[Start of section]

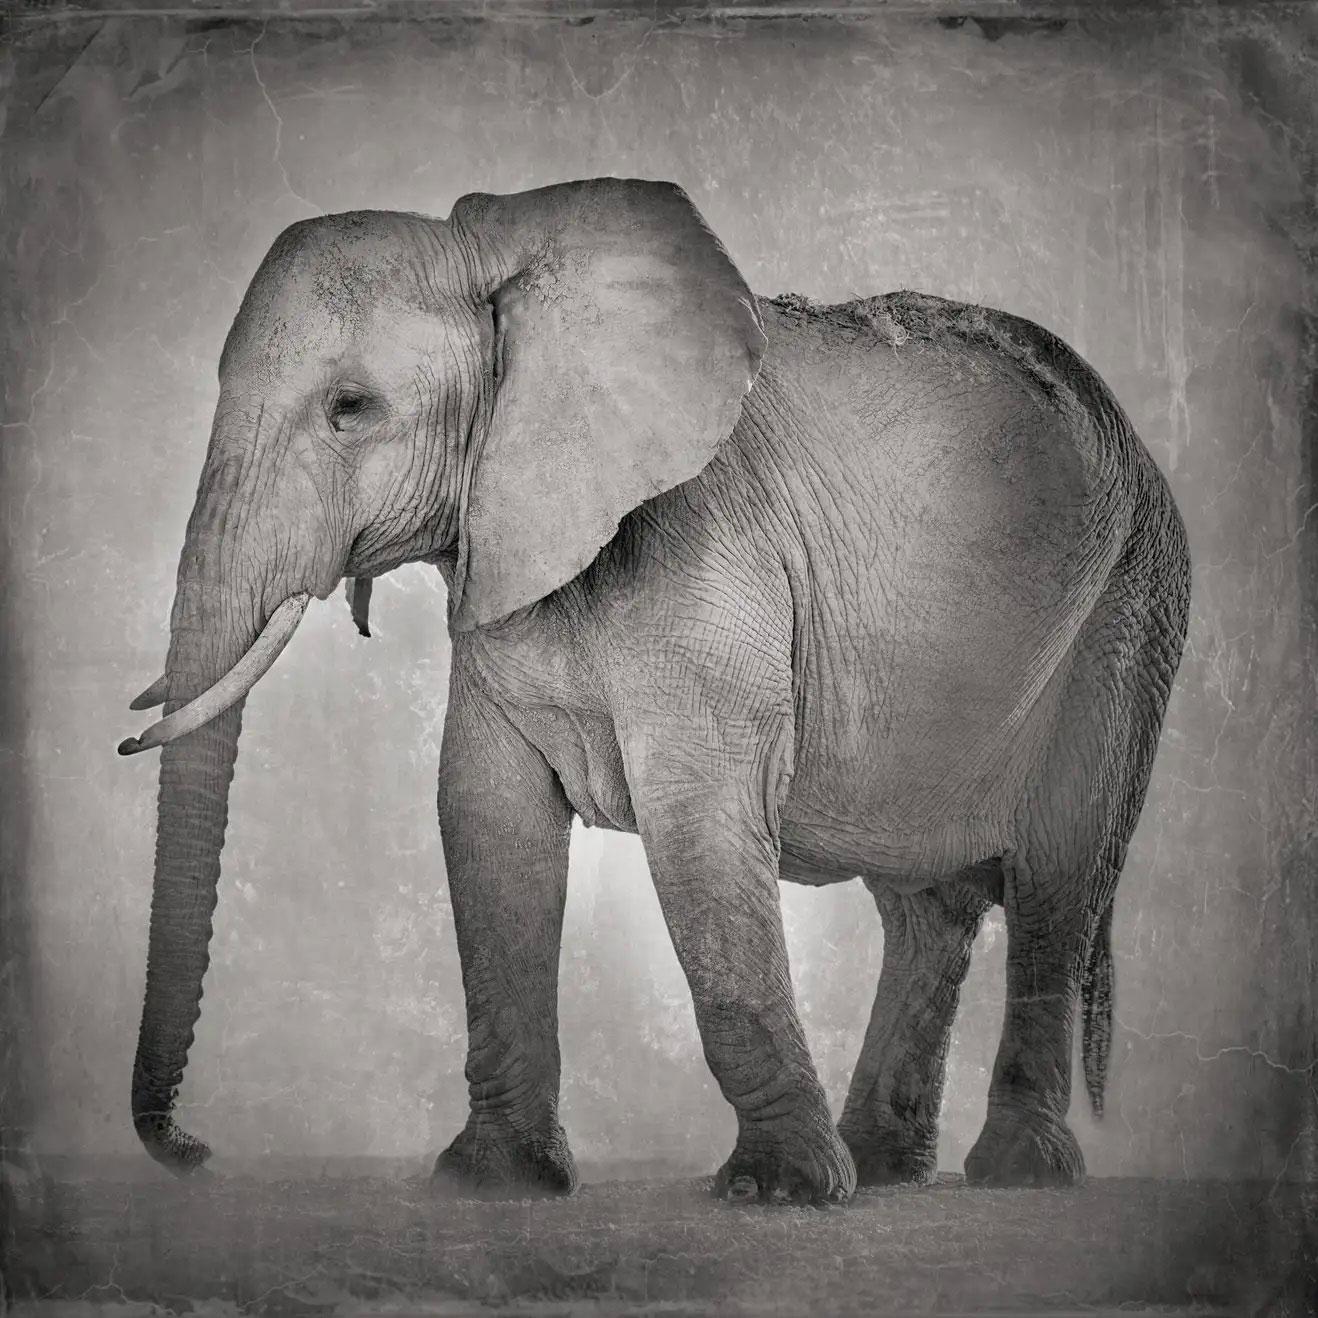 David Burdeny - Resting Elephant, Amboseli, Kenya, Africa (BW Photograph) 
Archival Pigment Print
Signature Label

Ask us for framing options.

[End of section]

• **ABOUT THIS EXERCISE**:
The data above should be returned in full, exactly as written, apart from its images.

• **OUTPUT OF THE TASK**:
 David Burdeny - Resting Elephant, Amboseli, Kenya, Africa (BW Photograph) 
Archival Pigment Print
Signature Label

Ask us for framing options.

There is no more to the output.